|🔄 🚍| RE-BUS: A Large and Diverse Multimodal Benchmark for evaluating the ability of Vision-Language Models to understand Rebus Puzzles

Evaluating the Ability of Vision-Language Models to Understand Rebus Puzzles

Abstract

Understanding Rebus Puzzles requires multi-step reasoning, linguistic interpretation, commonsense knowledge, and symbolic understanding, posing a unique challenge for Vision-Language Models (VLMs). In this work, we introduce |🔄 🚍| (Rebus Puzzle for the word "Rebus") — a large and diverse benchmark comprising 1,333 English Rebus Puzzles across 18 categories such as idioms, food, and culture. We further propose RebusDescProgICE, a compute-efficient framework combining unstructured and structured reasoning via in-context learning, improving puzzle-solving accuracy by up to 30% for open-source VLMs.
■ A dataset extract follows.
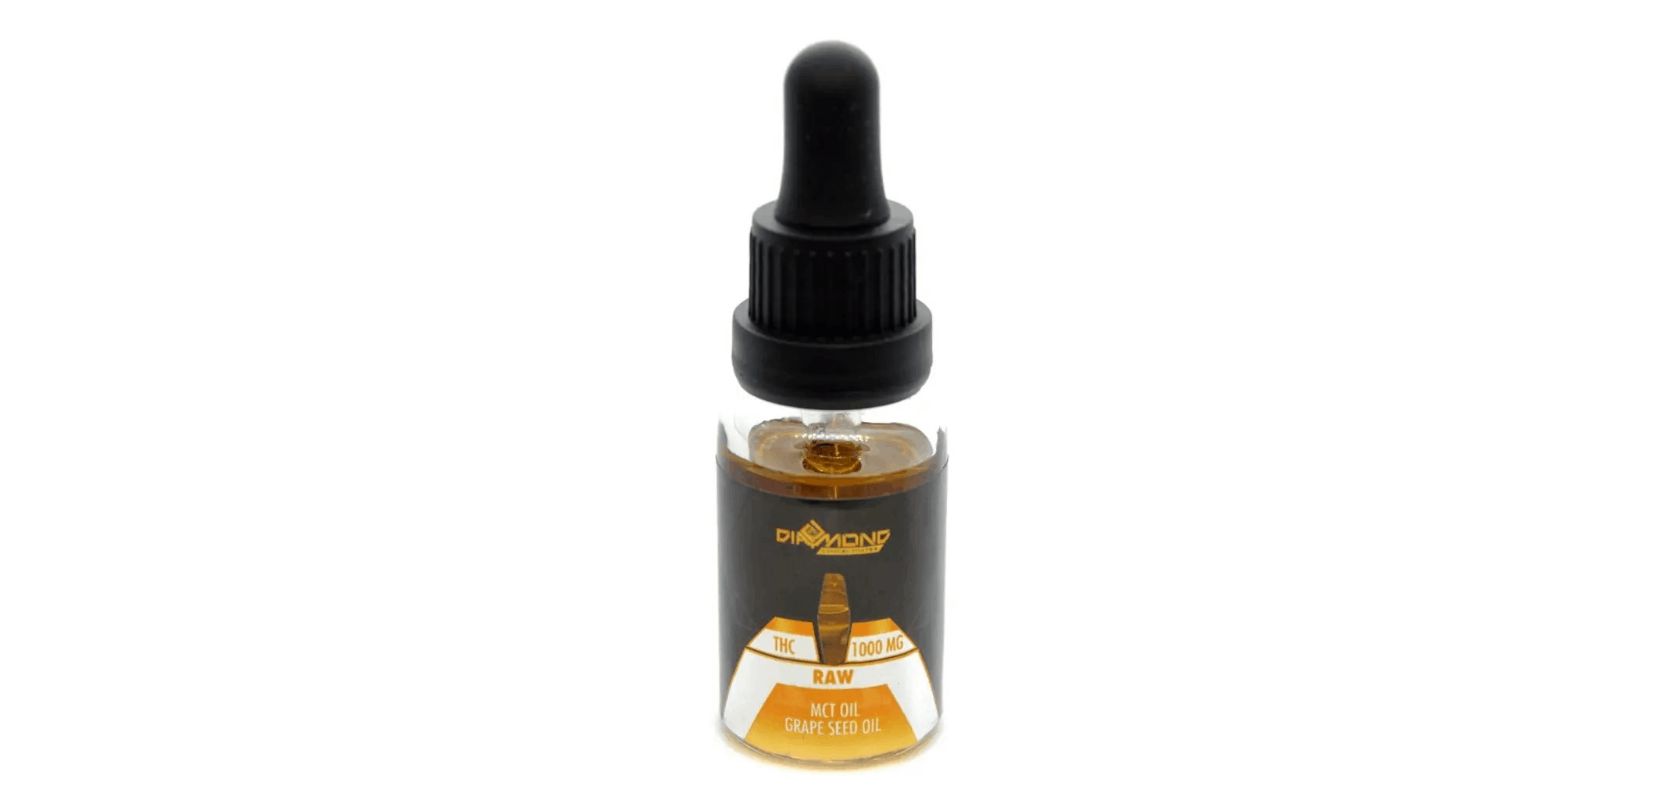 The Diamond Concentrates – 1000mg THC Tincture – Raw is another superb option for people with insomnia, fatigue, inflammation, and chronic pain. 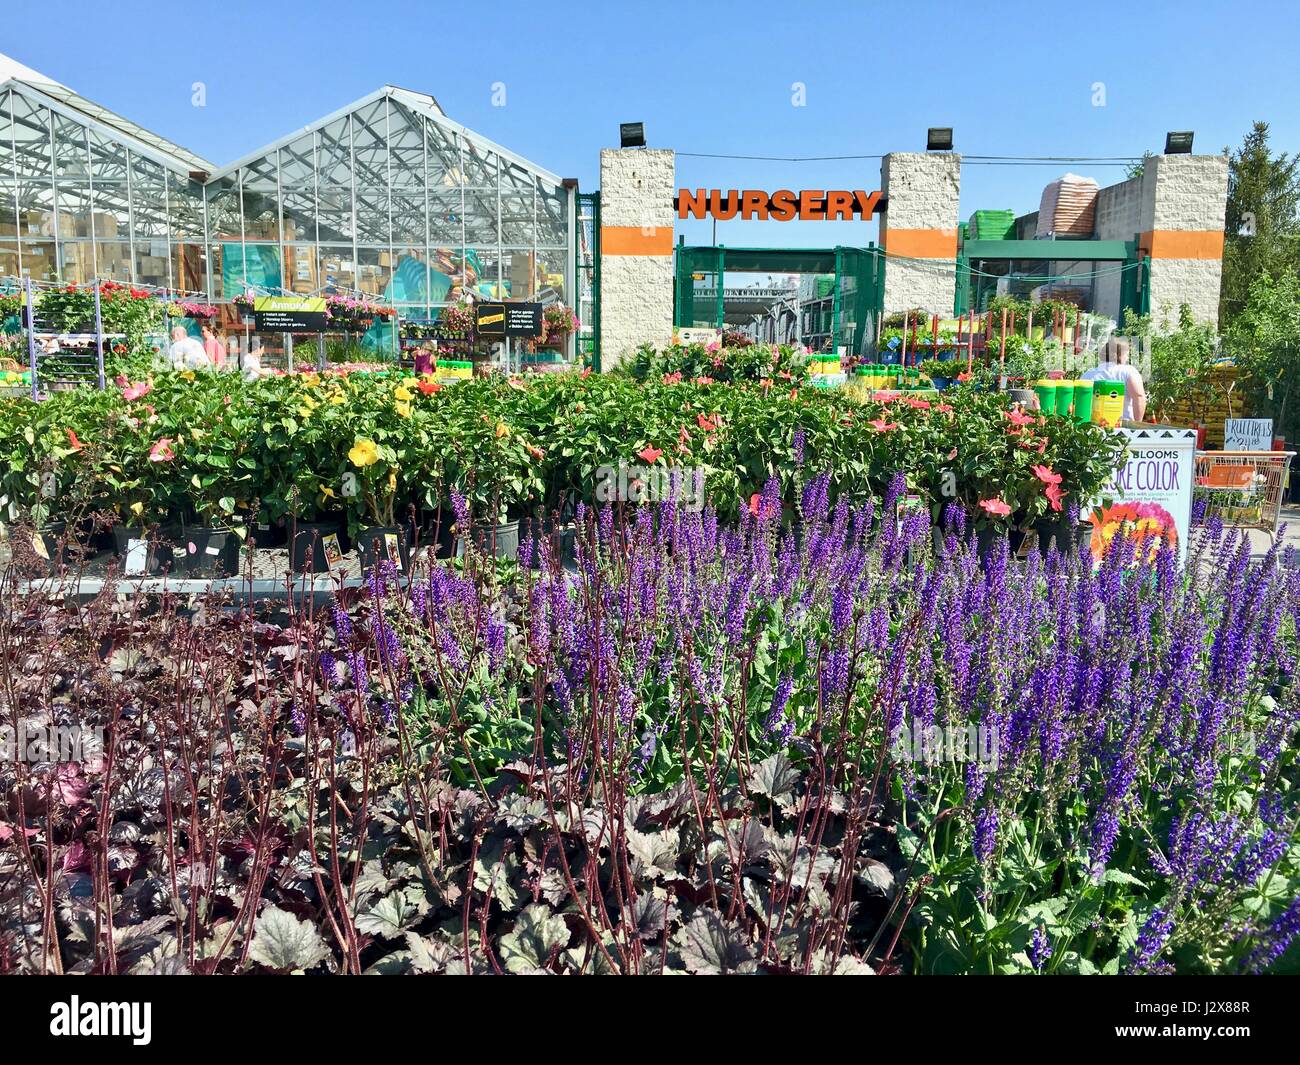 Home Depot Nursery filled with fresh plants, flowers, and gardening supplies Stock Photo

We release our dataset, evaluation protocols, and results to enable systematic study of visual-linguistic reasoning through wordplay.

Dataset and Examples

The |🔄 🚍| dataset contains puzzles like the following example, where visual and textual elements combine to form meaningful words or phrases.

Rebus Example

Dataset Curation and Annotation

The |🔄 🚍| dataset was curated in three stages: (1) collecting puzzles from online sources, (2) annotating metadata such as difficulty and reasoning features, and (3) using ControlNet to generate stylistic variations with visual distractions.

Annotation Pipeline

Dataset Statistics

Our dataset spans 18 categories, visualized below.

Category Distribution

Feature-level metadata distribution captured through a Venn diagram:

Feature Overlap

UMAP visualization of puzzle embeddings highlighting stylistic diversity between original and ControlNet-generated samples:

UMAP Embeddings

Framework: RebusDescProgICE

RebusDescProgICE is a model-agnostic method which integrates natural language-based descriptions and programmatic reasoning in a hybrid prompting setup. This method enhances VLM reasoning by combining structured (VisProg-style) and unstructured reasoning components.